King Digital Entertainment, the London games studio behind the mobile hit Candy Crush Saga, is to make history as the most valuable British Internet company to join the stock markets after pricing its initial public offering (IPO) at US$7.6 billion.
Demand for the shares has boosted King’s valuation by US$2 billion in less than a month. Analysts had pegged the company’s worth at US$5.5 billion last month, but King said on Wednesday its shares would be priced at between US$21 and US$24 each when it floats on the New York stock exchange.
The popularity of King’s confectionery-themed smartphone and tablet game will make a multimillionaire of its chief executive, Riccardo Zacconi, whose 10.4 percent stake could be worth as much as US$745 million, and the Derbyshire entrepreneur Mel Morris, who owns a 12.2 percent interest. The company’s 11-strong management team own shares that could be worth up to almost US$2.2 billion.
The investment is also one of the most successful ever for the British private equity firm Apax, which in 2005 invested about US$63 million and now owns more than 48 percent of the shares, making its holding worth nearly US$3.5 billion.
King has revealed that it intends to sell a minimum of 22.2 million shares in the flotation, raising US$530 million in total, of which about US$326 million will be kept by the company to invest in expanding its operations around the world.

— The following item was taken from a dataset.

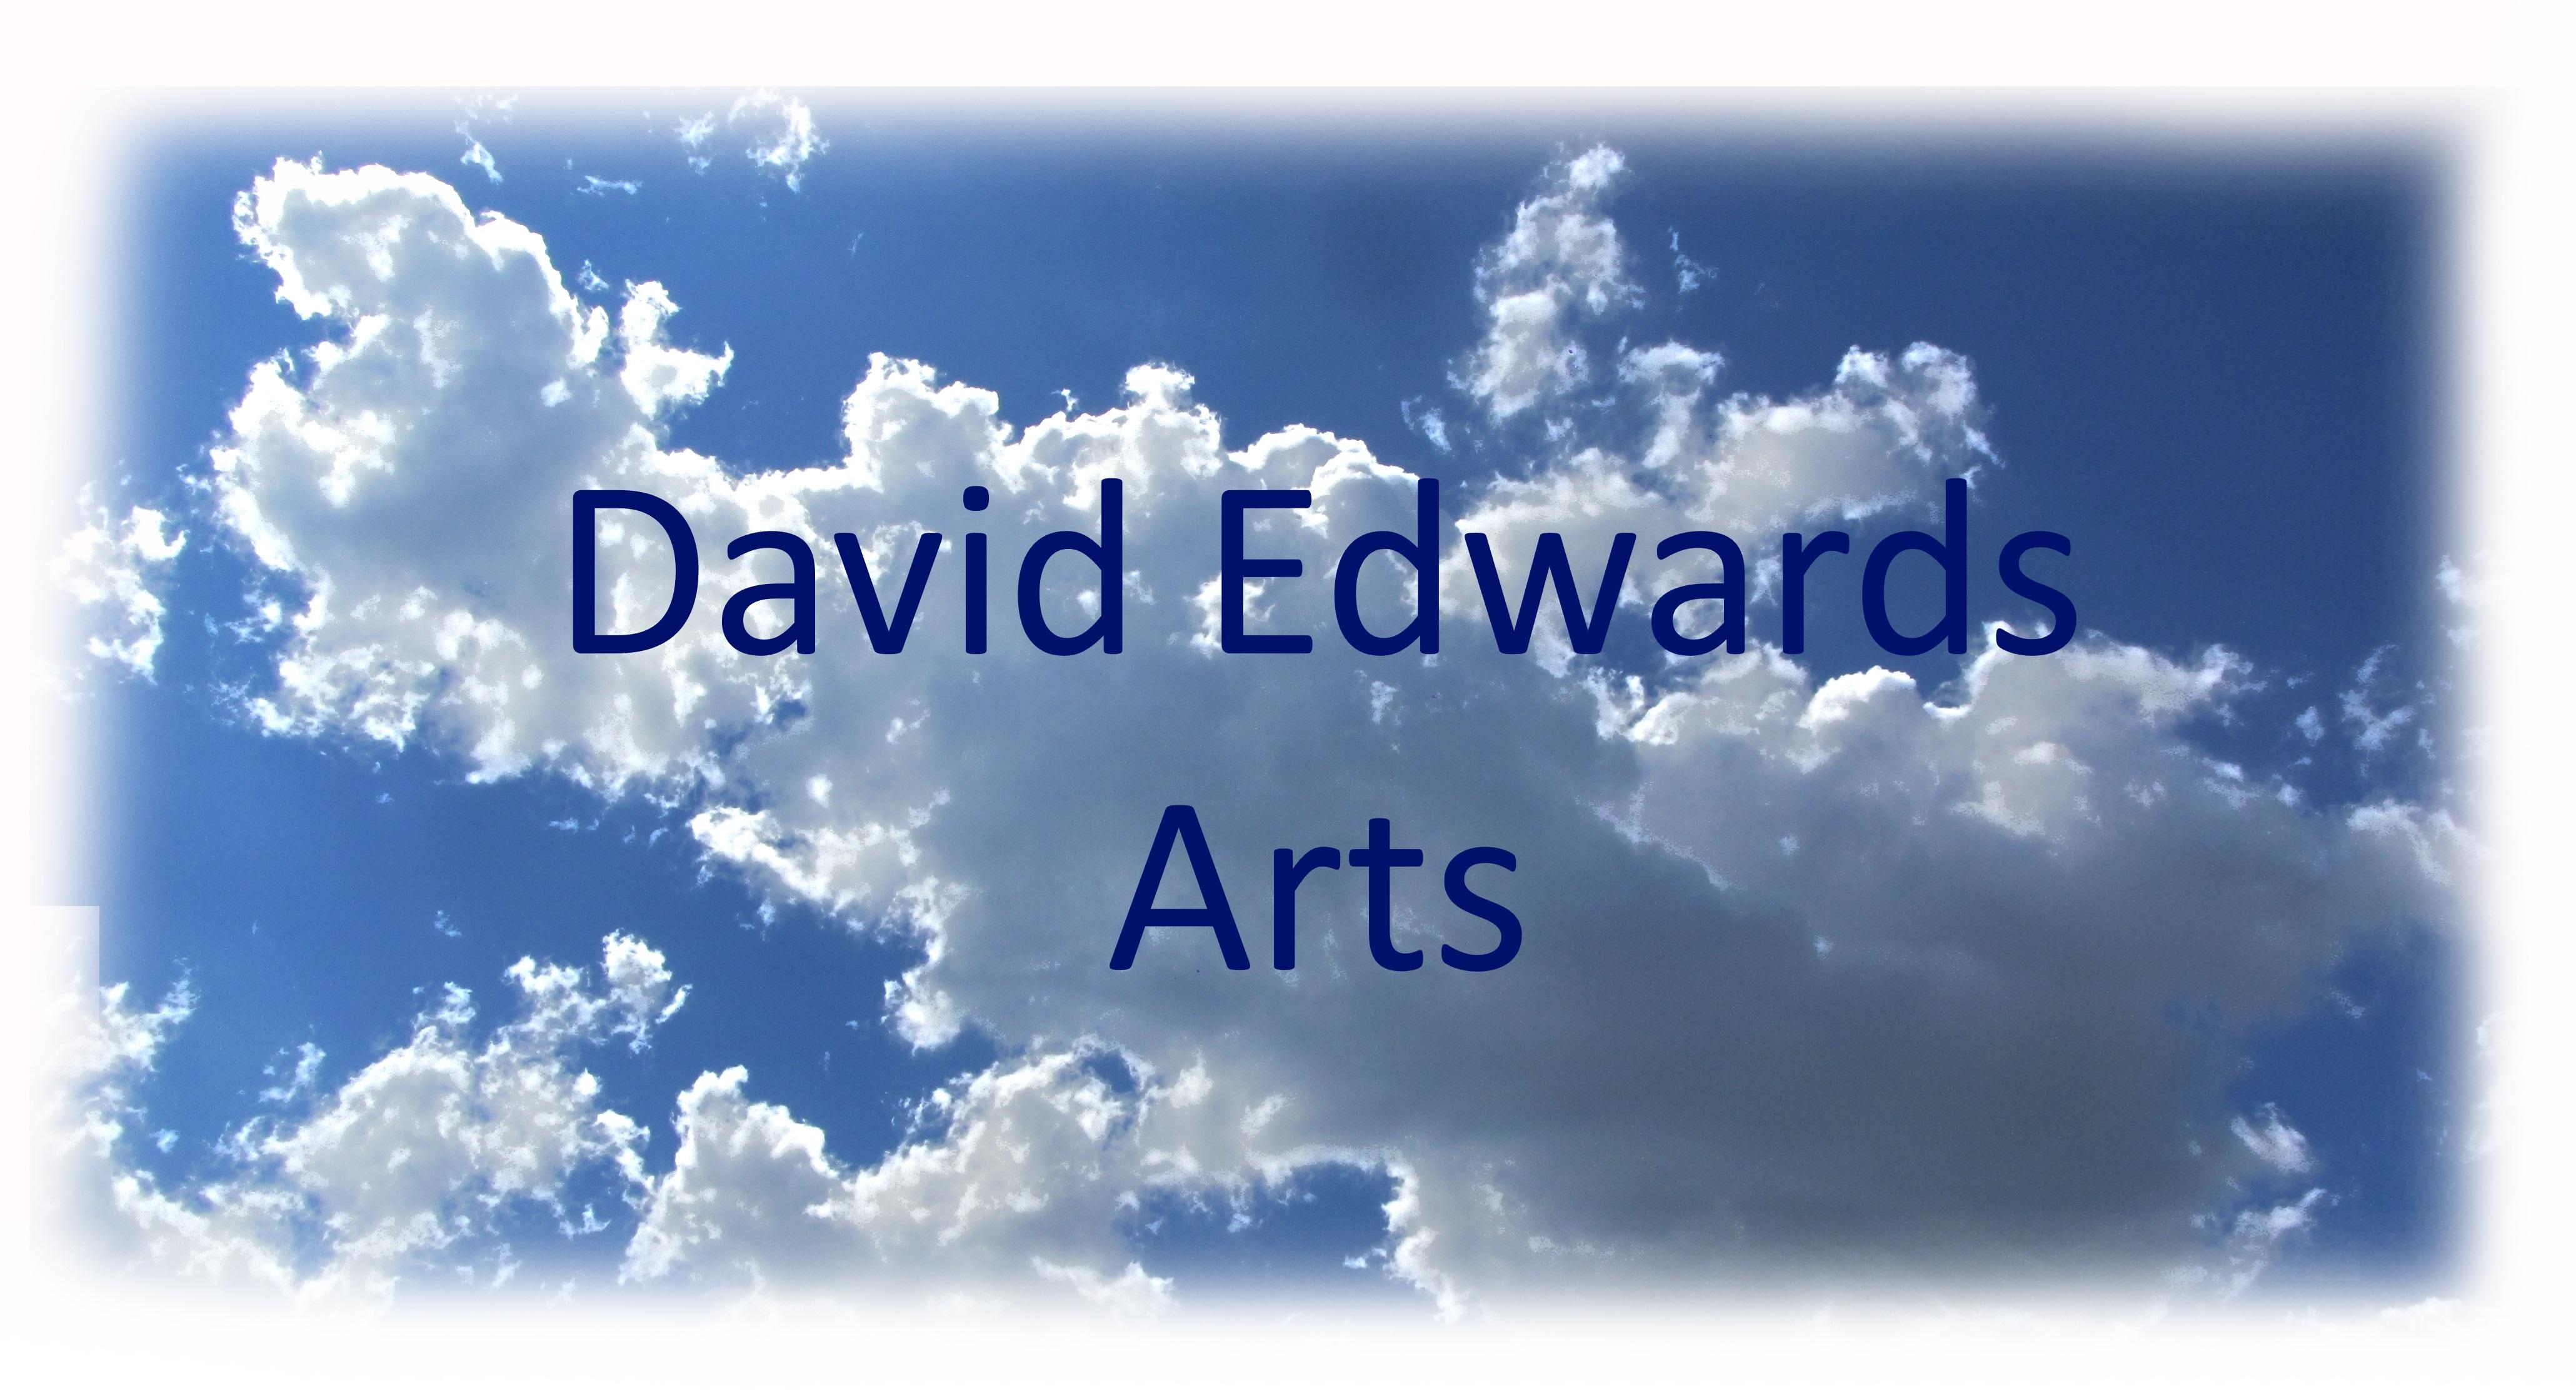 sdavidedwards

However, Britain is unlikely to benefit from King’s success, because the company relocated to Ireland last year. The role of its British subsidiary, which uses offices near Tottenham Court Road in central London, has been relegated to the “provision of management services to other companies” in the group, according to its accounts.
King makes its games available to download for free and raises most of its income from purchases made from within the app. The strategy has proved a lucrative one. King has been profitable for four of the past five years, making nearly US$570 million after tax last year on revenues of US$1.88 billion.
Last month, an average of 144 million people were daily active players of King games, reorganizing brightly colored sweets in Candy Crush, bursting their way through levels in Bubble Witch and lining up rows of fruit in Farm Heroes.
The games, which mostly involve clearing the screen by lining up three or more objects of the same color, have proved highly addictive, with King notching up more than 1.4 million plays a day.
King’s valuation, which is based on 315 million shares priced at US$24, comfortably outstrips that of fellow games company Zynga, which was worth US$7 billion at its 2012 stock market flotation, but has seen its fortunes go into reverse.